Checking for null values in a map column in Hive (1.2.1, Hortonworks) interestingly returns a null pointer exception:
create table npe (m map); select count(*) from npe where m is null; Error: Error while compiling statement: FAILED: NullPointerException null (state=42000,code=40000)
The error happens at parsing time when Hive tries to estimate data size. From hiveserver2.log:
Caused by: java.lang.NullPointerException
at org.apache.hadoop.hive.ql.stats.StatsUtils.getSizeOfMap(StatsUtils.java:1096)
Interestingly, getting not null is fine:
select count(*) from npe where m is not null; -- returns 0
If you think like me, you will think ‘haha! not not null should work!’
select count(*) from npe where not m is not null; -- does not work
If you are smarter than me, you will have guessed before trying that Hive optimises the double negation away, and gives another NPE.

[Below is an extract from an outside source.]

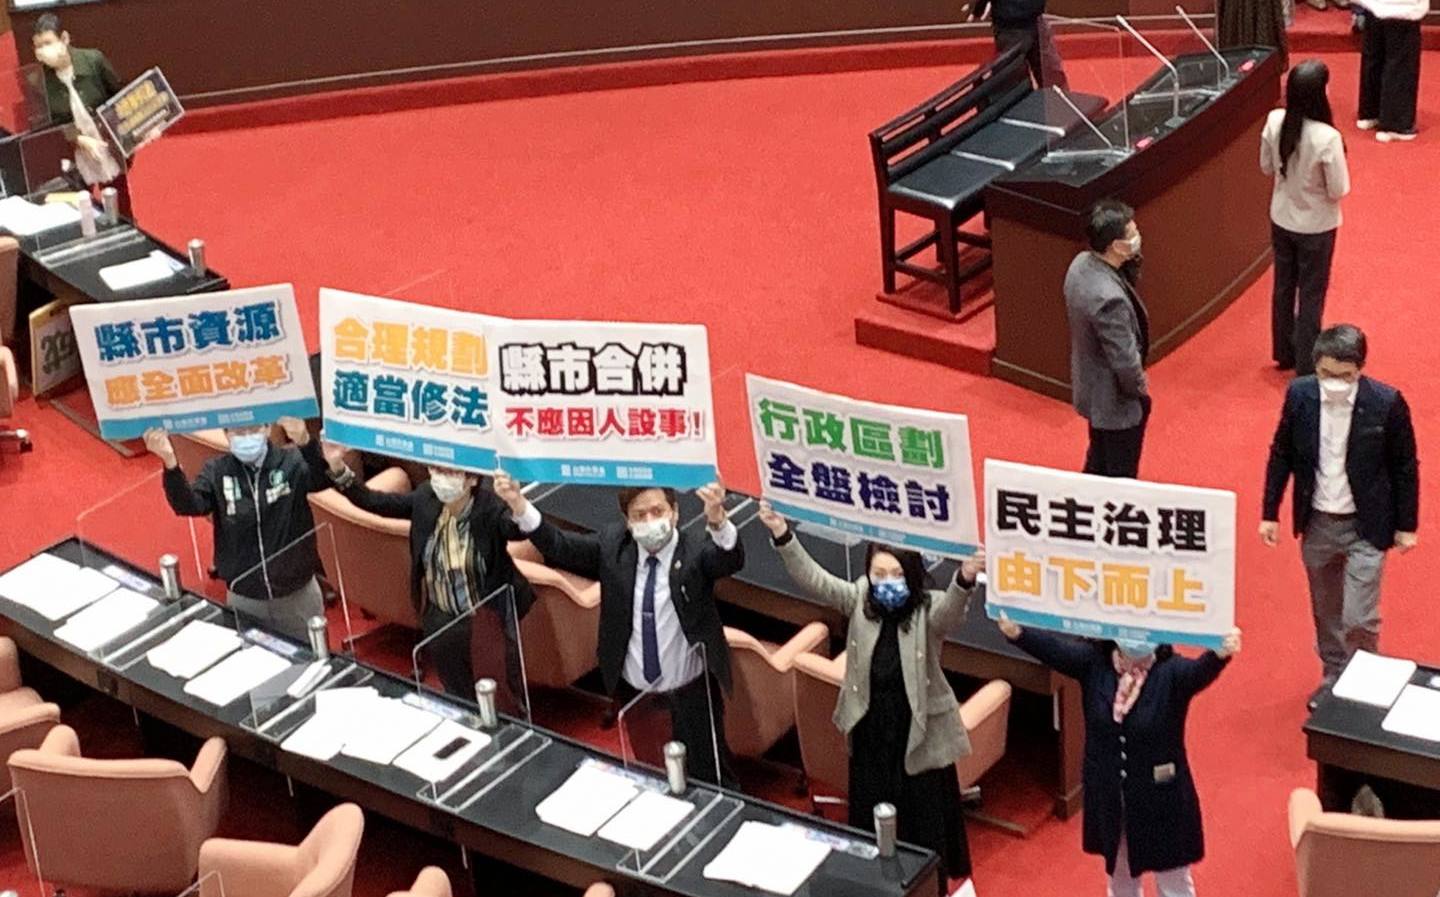 「公投後台灣產生的變化」 蔡壁如批：獨裁正在闖關民主 | 政治 | Ne

But going in this direction, we can still trick Hive by casting the boolean to int:
select count(*) from npe where int(m is not null)=0; -- works
This happens either without data either when there are real NULLs in the table. By real NULL I mean that a SELECT would show NULL, which happens only in the case where you add a column to an existing table. Indeed, you cannot yourself insert NULL into a complex column:
with a as (select null) insert into npe select * from a; Error: Error while compiling statement: FAILED: SemanticException [Error 10044]: Line 1:36 Cannot insert into target table because column number/types are different 'npe': Cannot convert column 0 from void to map. (state=42000,code=10044)
You have to create an empty map object:
with a as (select map(cast(null as bigint), cast(null as bigint))) insert into npe select * from a;
Then, of course, the empty map object is not (a real) NULL and if you want to look for null you have to fudge a bit, looking at the size of the map for instance:
select m, size(m), isnull(m) from npe;
+----+-----+--------+--+ | m | _c1 | _c2 | +----+-----+--------+--+ | {} | 0 | false | +----+-----+--------+--+